Before you begin: You must know that every object in memory needs to be deallocated from memory for a new write to happen. You can't just simply write on top of something as you do on paper. You must first erase (dealloc) it and then you can write onto it. If at the moment that the erase is done (or half done) and nothing has yet been wrote (or half wrote) and you try to read it could be very problematic! Atomic and nonatomic help you treat this problem in different ways.

First read this question and then read Bbum's answer. In addition then read my summary.


atomic will ALWAYS guarantee

  • If two different people want to read and write at the same time, your paper won't just burn! --> Your application will never crash, even in a race condition.
  • If one person is trying to write and has only wrote 4 of the 8 letters to written, then no can read in the middle, the reading can only be done when all 8 letters is written --> No read(get) will happen on 'a thread that is still writing', i.e. if there are 8 bytes to bytes to be written, and only 4 bytes are written——up to that moment, you are not allowed to read from it. But since I said it won't crash then it would read from the value of an autoreleased object.
  • If before writing you have erased that which was previously written on paper and then someone wants to read you can still read. How? You will be reading from something similar to Mac OS Trash bin ( as Trash bin is not still 100% erased...it's in a limbo) ---> If ThreadA is to read while ThreadB has already dealloced to write, you would could either get value from the final fully written value by ThreadB or get something from autorelease pool.
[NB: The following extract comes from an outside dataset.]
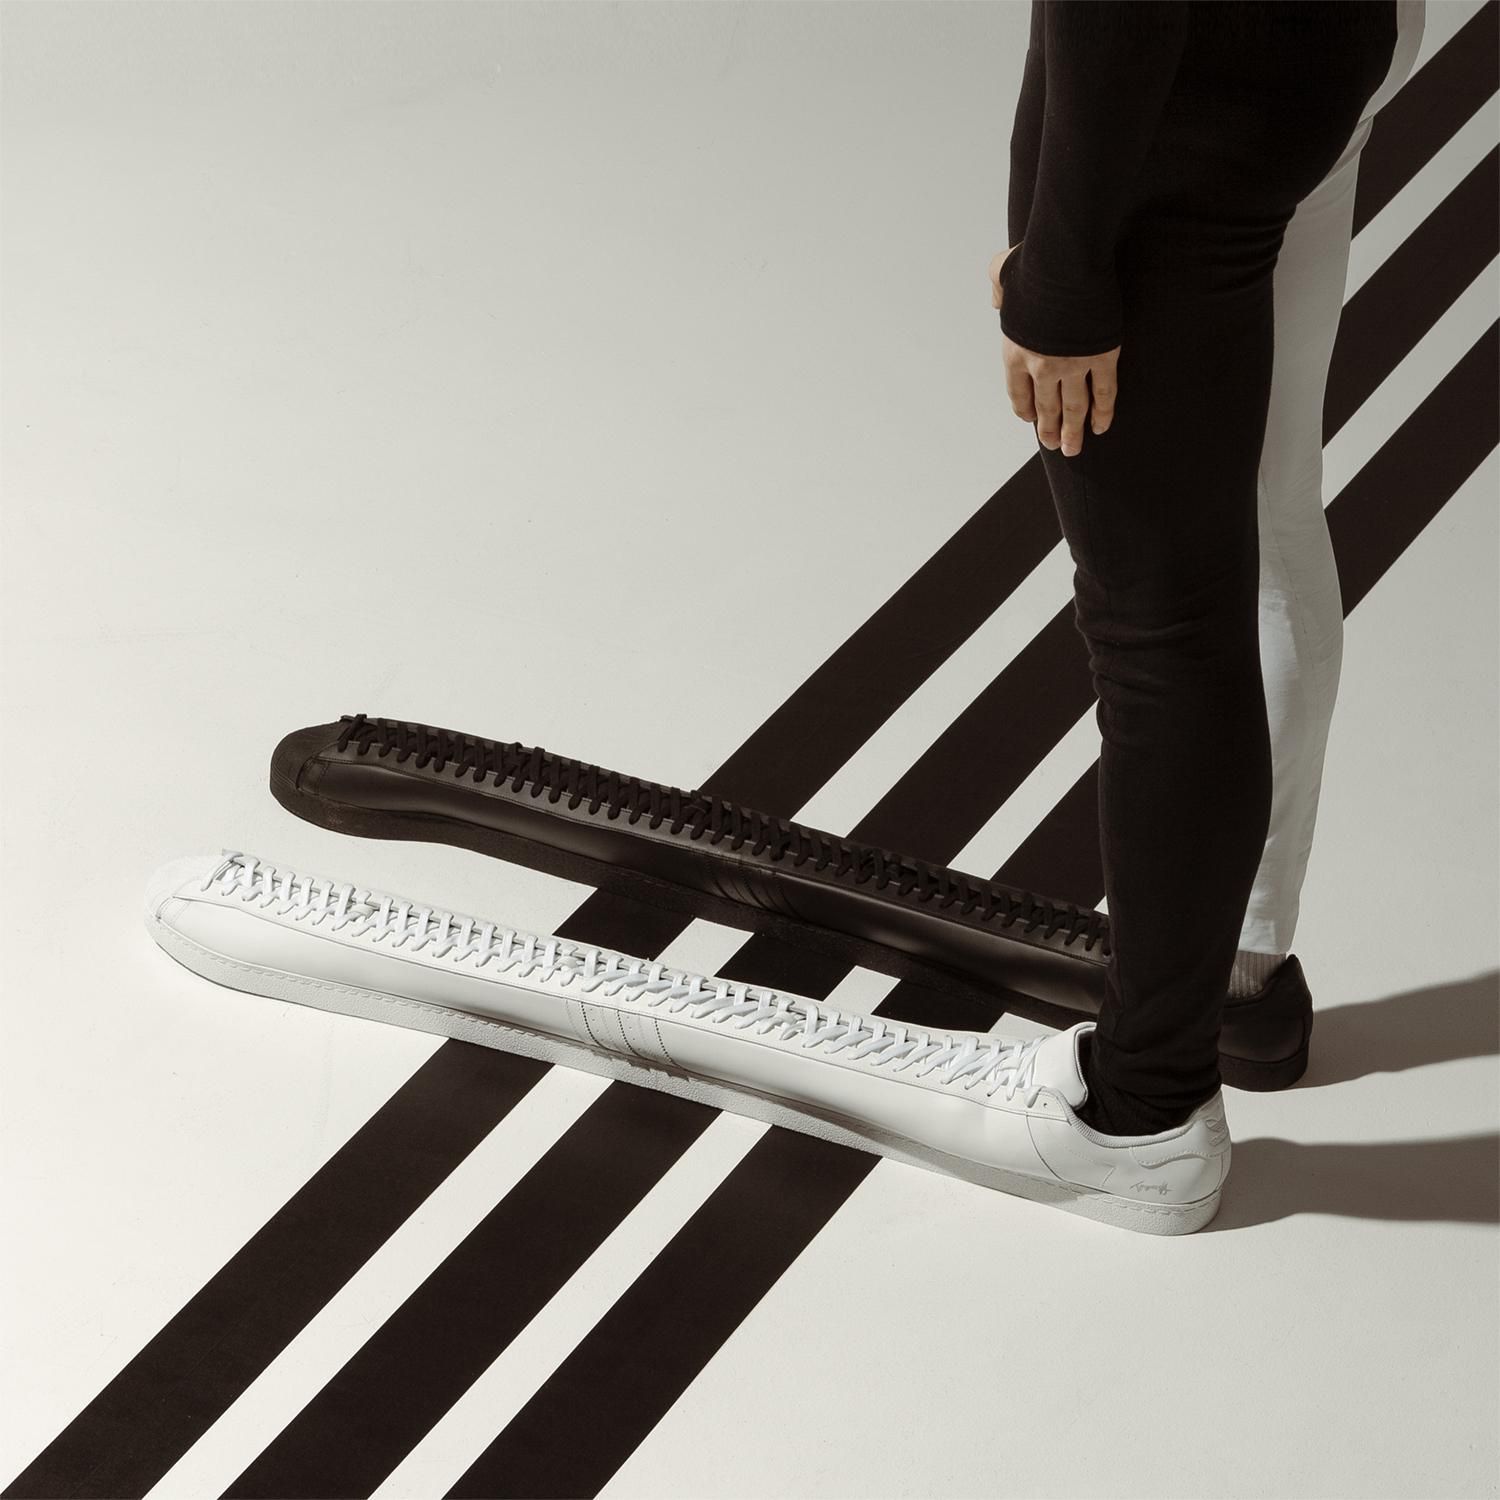 adidas rapper shoes

Retain counts are the way in which memory is managed in Objective-C. When you create an object, it has a retain count of 1. When you send an object a retain message, its retain count is incremented by 1. When you send an object a release message, its retain count is decremented by 1. When you send an object an autorelease message, its retain count is decremented by 1 at some stage in the future. If an objectʼs retain count is reduced to 0, it is deallocated.
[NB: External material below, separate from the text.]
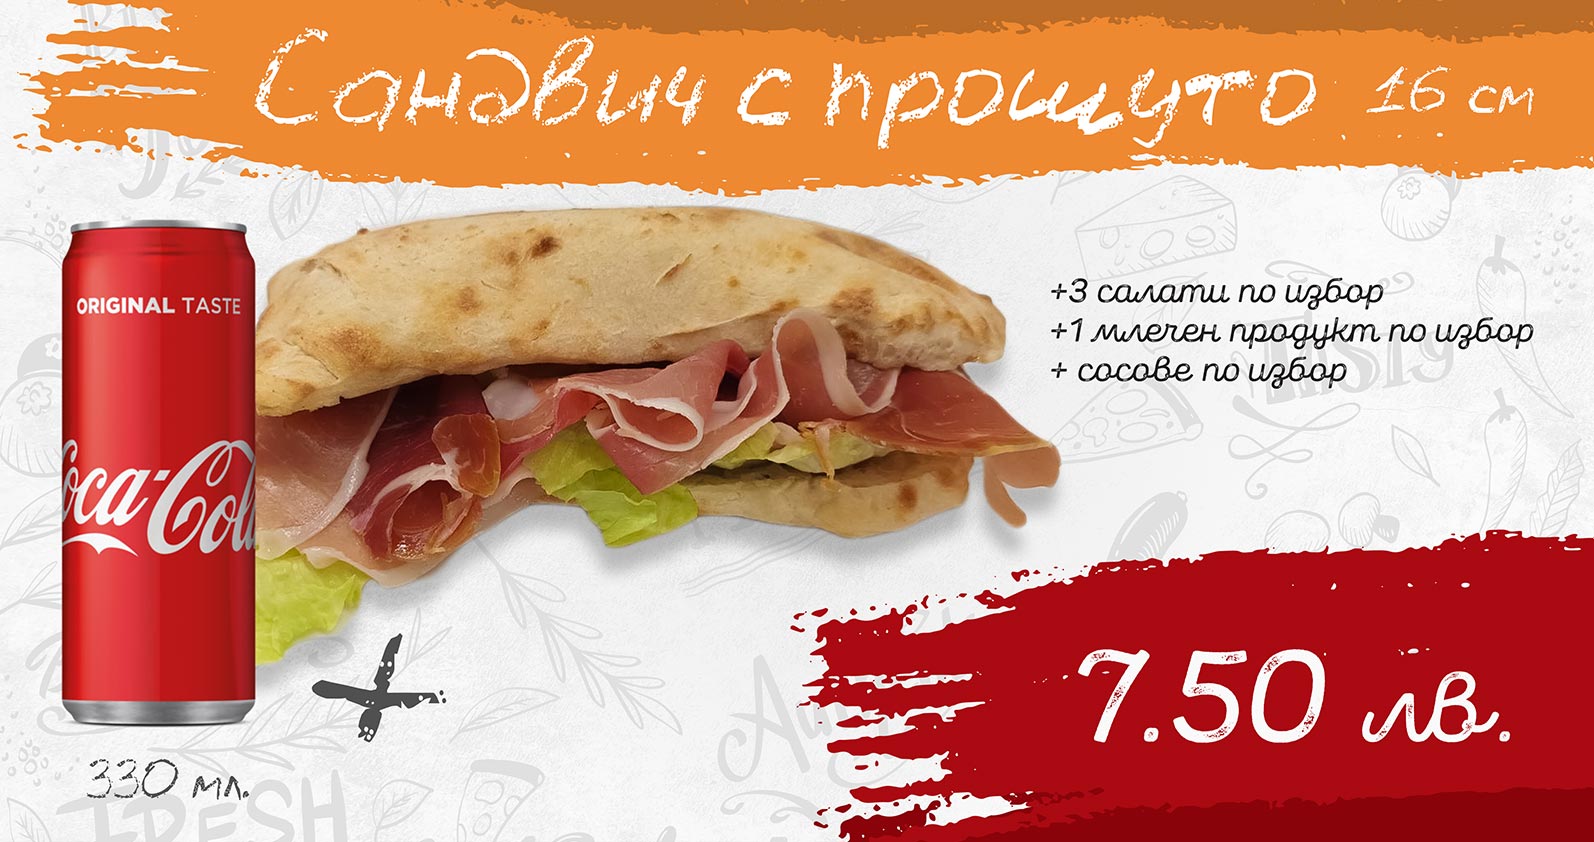 Сандвич с прошуто 16 см. + Coca-Cola 330 мл.

  • Atomic doesn't guarantee thread safety, though its useful for achieving thread safety. Thread Safety is relative to how you write your code/ which thread queue you are reading/writing from. It only guarantees non-crashable multithreading.

Wait what?! Are multithreading and thread safety different?

Yes. Multithreading means: multiple threads can read a shared piece of data at the same time and we will not crash, yet it doesn't guarantee that you aren't reading from a non-autoreleased value. With thread safety, it's guaranteed that what you read is not auto-released. The reason that we don't make everything atomic by default is, because there is a performance cost and for most things don't really need thread safety. A few parts of our code need it and for those few parts we need to write our code in a thread safe way using locks, mutex or synchronization.


nonatomic

  • Since there is no such thing like Mac OS Trash Bin, then nobody cares whether or not you always get a value (<-- This could potentially lead to a crash), nor anybody cares if someone tries to read halfway through you writing (although halfway writing in memory is very different from halfway writing on paper, on memory it could give you a crazy stupid value from before, while on paper you only see half of what's been wrote) --> Doesn't guarantee to not crash, because it doesn't use autorelease mechanism.
  • Doesn't guarantee full written values to be read!
  • Is faster than atomic

Overall they are different in 2 aspects:

  • Crashing or not because of having or not having autorelease pool.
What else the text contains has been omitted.